Bahasa merupakan alat komunikasi yang diperoleh manusia sejak lahir. Penguasaan sebuah bahasa oleh seorang anak dimulai dengan pemerolehan bahasa pertama yang sering kali disebut dengan bahasa ibu. Pemerolehan bahasa atau akuisisi bahasa adalah proses yang berlangsung di dalam otak anak-anak ketika dia memperoleh bahasa pertamanya atau bahasa ibunya (Fatmawati, 2015). Pemerolehan bahasa merupakan sebuah proses yang sangat panjang sejak anak belum mengenal sebuah bahasa sampai fasih berbahasa.

4 Karakteristik Pemerolehan Bahasa:

  1. Pemerolehan bahasa berlangsung dalam situasi informal
  2. Pemilihan bahasa  tidak melalui pembelajaran formal di sekolah
  3. Dilakukan tanpa sadar atau secara spontan
  4. Terjadi dalam konteks berbahasa yang bermakna bagi anak

Menurut Ingram (dalam penelitian Palenkahu, 2005) pemerolehan bahasa pertama dibagi menjadi empat periode, yaitu:

  1. Pertama, tahap pendahuluan ditandai dengan tiga jenis tingkah laku yaitu membabel, meniru, dan pemahaman awal.
  2. Kedua, periode pertama (1-1,6 tahun) anak memeroleh sejumlah bunyi dengan makna khusus yang menyatakan ide suatu kalimat secara menyeluruh, akan tetapi tidak ada bukti anak memahami tata bahasa.
  3. Ketiga, periode kedua (1,6-2,0 tahun) anak menyadari bahwa segala sesuatu mempunyai makna sembutan yang beruntun dalam pemerolehan kata dan pertanyaan tentang nama benda.
  4. Keempat, periode (2,0-2,6 tahun) anak mulai membentuk kalimat dengan baik dalam arti berisi kata-kata untuk relasi gramatikal utama subjek dan predikat.

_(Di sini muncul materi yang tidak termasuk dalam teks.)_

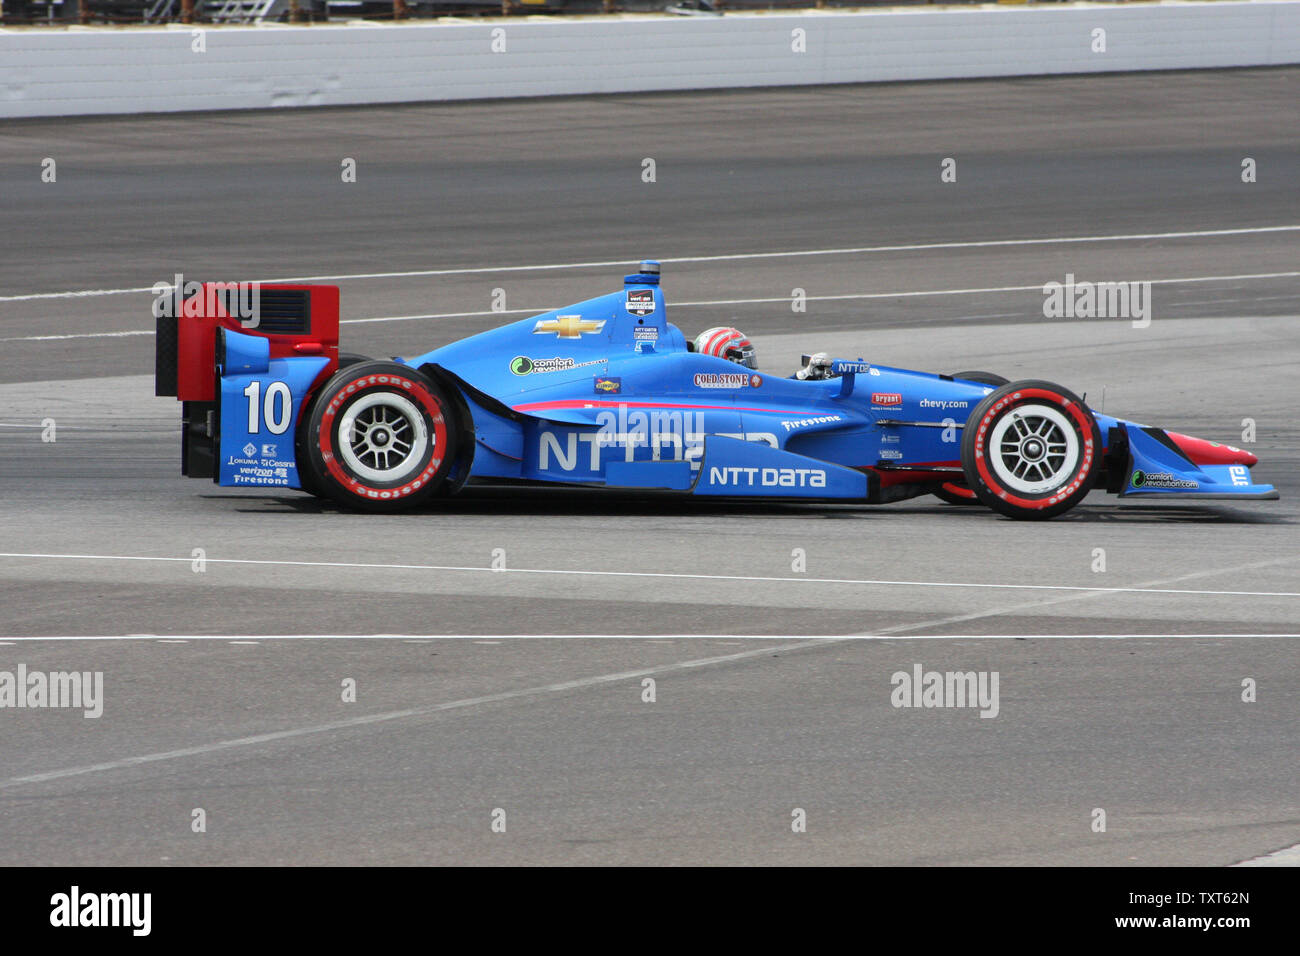 Tony Kanaan, driving for a Chip Ganassi racing team, comes out of turn one during Grand Prix of Indianapolis qualifying at the Indianapolis Motor Speedway  on May 9, 2015 in Indianapolis, In. Power won the pole. Photo by Bill Coons/UPI Stock Photo

Menurut T. Mahajani & R. H Muhtar (2019), faktor-faktor yang mempengaruhi pemerolehan bahasa anak meliputi:

  1. Keuniversalan bahasa
  2. Perkembangan kognitif anak
  3. Perkembangan sosial

Proses pemerolehan bahasa pertama pada anak dipengaruhi oleh faktor internal dan eksternal. Faktor internal berkaitan dengan faktor kognitif, Language Acquisition Device (LAD) atau perangkat pemerolehan bahasa yang dimiliki anak sejak lahir, serta IQ anak.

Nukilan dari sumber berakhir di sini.